PostNapisane: Śro lis 06, 2013 11:41
przez Carolina84
Ojeeeeej :1luvu: Jaka cudna panienka!

Więcej zdjęć poproszę :mrgreen:

Re: Salsa, mała devonka :)

PostNapisane: Śro lis 06, 2013 12:04
przez dorcia44
cudna :1luvu: czarne i białe devonki są najpiękniejsze :wink:

Re: Salsa, mała devonka :)

PostNapisane: Śro lis 06, 2013 13:38
przez Agnes181jaw
Ale śliczna.... raz jedyny udało mi się widzieć na własne oczy takiego cudaka i uważam że są rewelacyjne.

Jak już się przyzwyczaicie (i kot do Was i Wy do kota) napisz coś o jej charakterku :)

Re: Salsa, mała devonka :)

PostNapisane: Czw lis 07, 2013 13:56
przez oleska222
Ojej, dziekujemy za odwiedziny :1luvu:

Wiecej fotek i opowiesci wstawie dzisiaj wieczorem, Salsia radzi sobie coraz lepiej, chyba w koncu zaczyna rozumiec, ze to ona jest krolewna w tym calym ukladzie 8)
(Przepraszam za brak polskich znakow ale mam niemiecka klawiature i nie wiem jak to sie tu ustawia...)

Re: Salsa, mała devonka :)

PostNapisane: Czw lis 07, 2013 14:31
przez Agnes181jaw
a gdzie śpi? z Wami? pod kołderą? :) Czy ma jakies swoje miejsce?
Moja Mila z racji ochłodzenia się w mieszkaniu wciska swoje 4 litery wszędzie tam gdzie choć troszkę sie może ogrzac. Najlepsza jest właśnie przestrzeń pod kołdrą między nami :)

Re: Salsa, mała devonka :)

PostNapisane: Czw lis 07, 2013 21:13
przez oleska222
Wiecej zdjec :D

Obrazek
Obrazek
Obrazek
Obrazek
Obrazek
Obrazek

Re: Salsa, mała devonka :)

PostNapisane: Czw lis 07, 2013 21:48
przez oleska222
Juz sie chyba PRAWIE przyzwyczailysmy, ale pewnie jakies postepy jeszcze beda 8)

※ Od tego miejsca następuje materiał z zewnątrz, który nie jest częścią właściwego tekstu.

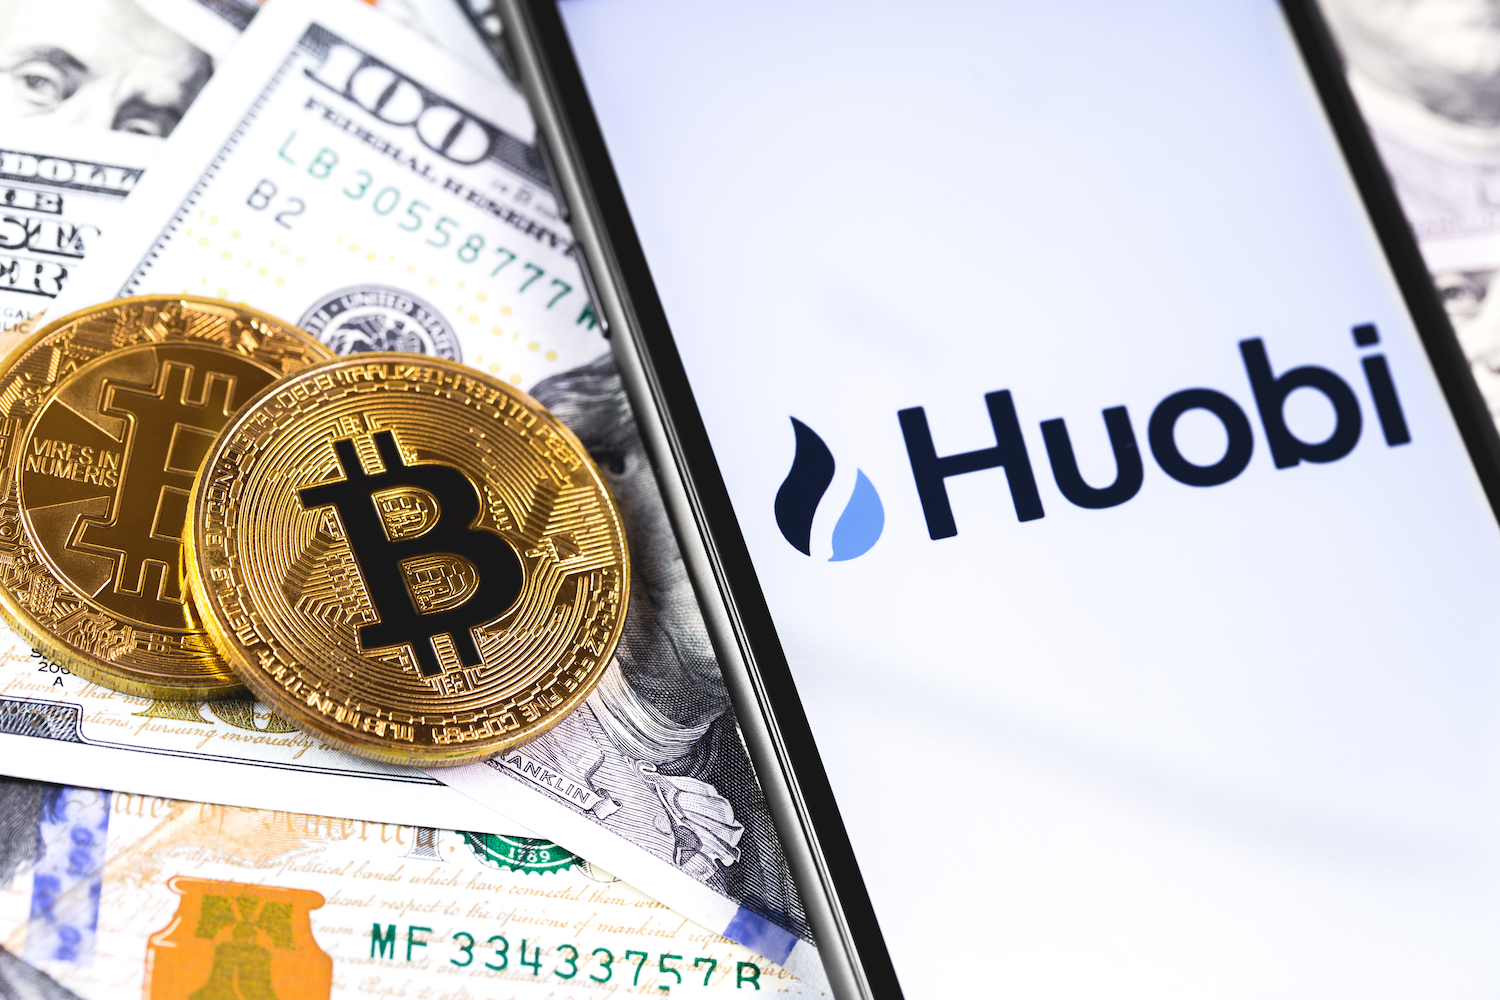 Huobi Japan Raises $4.6 Million From Tokyo-Listed Financial Services Firm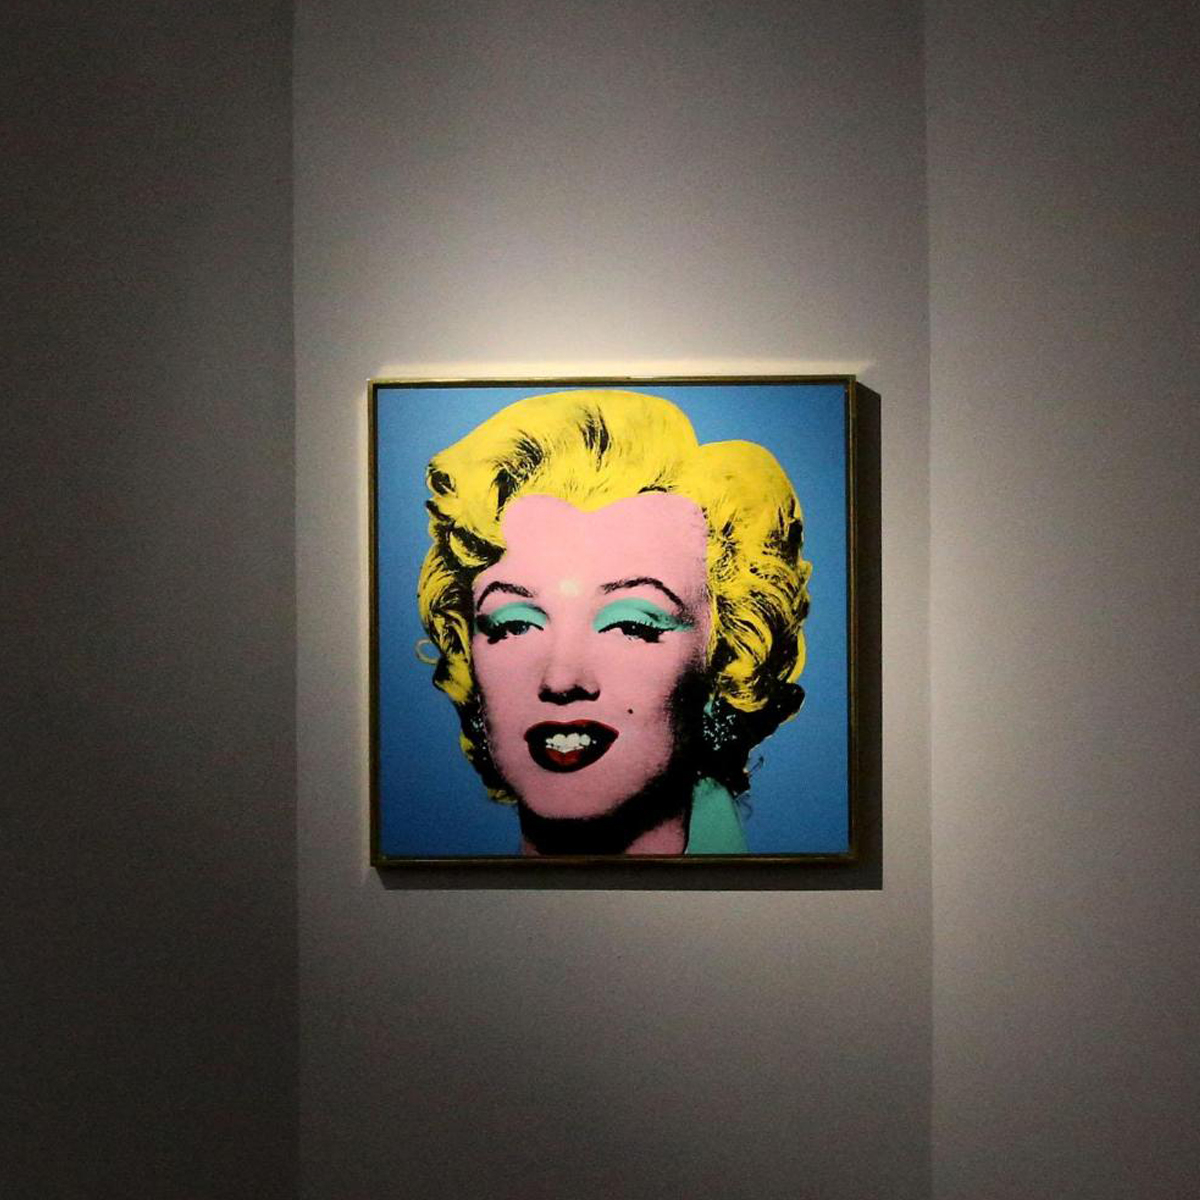 Andy Warhol's Famous Portrait of Marilyn Monroe Sells for $195 Million

To moze zaczne historie od poczatku: Salsia ma 1,5 roku, pochodzi z hodowli Nexus w Bielsko-Bialej. Jak juz wspomnialam moj TZ kota nie chcial (nigdy przenigdy, po moim trupie, przygarniesz jak umre itp.) ale jakos wzial i rozmiekl nie wiedziec czemu :lol: Mi bylo w sumie wszystko jedno jaki to bedzie kot (moj Stefan byl z piwnicy i do tego staruch), ale ze sie juz facet zgodzil to pozwolilam mu wybrac... Troche mi bylo glupio bo wiem ile kotow czeka na dom ale... pierwsze koty za ploty.
Hodowle znalazlam w Internecie i okazala sie byc strzalem w dziesiatke. Swietni ludzie, kochaja swoje koty na zaboj i wszystko by dla nich zrobili. Salsa sie troche u nich zasiedziala bo byla zarezerwowana dwa razy - pierwsza chetna sie rozmyslila bo okazalo sie ze jej kot rezydent jest bardzo agresywny, a druga chetna wplacila zaliczke i nigdy po kota nie przyjechala :roll: I tak sie dziecko ostalo z pierwszymi rodzicami przez 1,5 roku. Musze powiedziec, ze rozstanie dla ex-Matki bylo ciezkie, wziela sie i poplakala bo sie strasznie do Salsi przez ten czas przywiazala ale postanowili z mezem ze wiecej niz 6 kotow w domu byc nie moze.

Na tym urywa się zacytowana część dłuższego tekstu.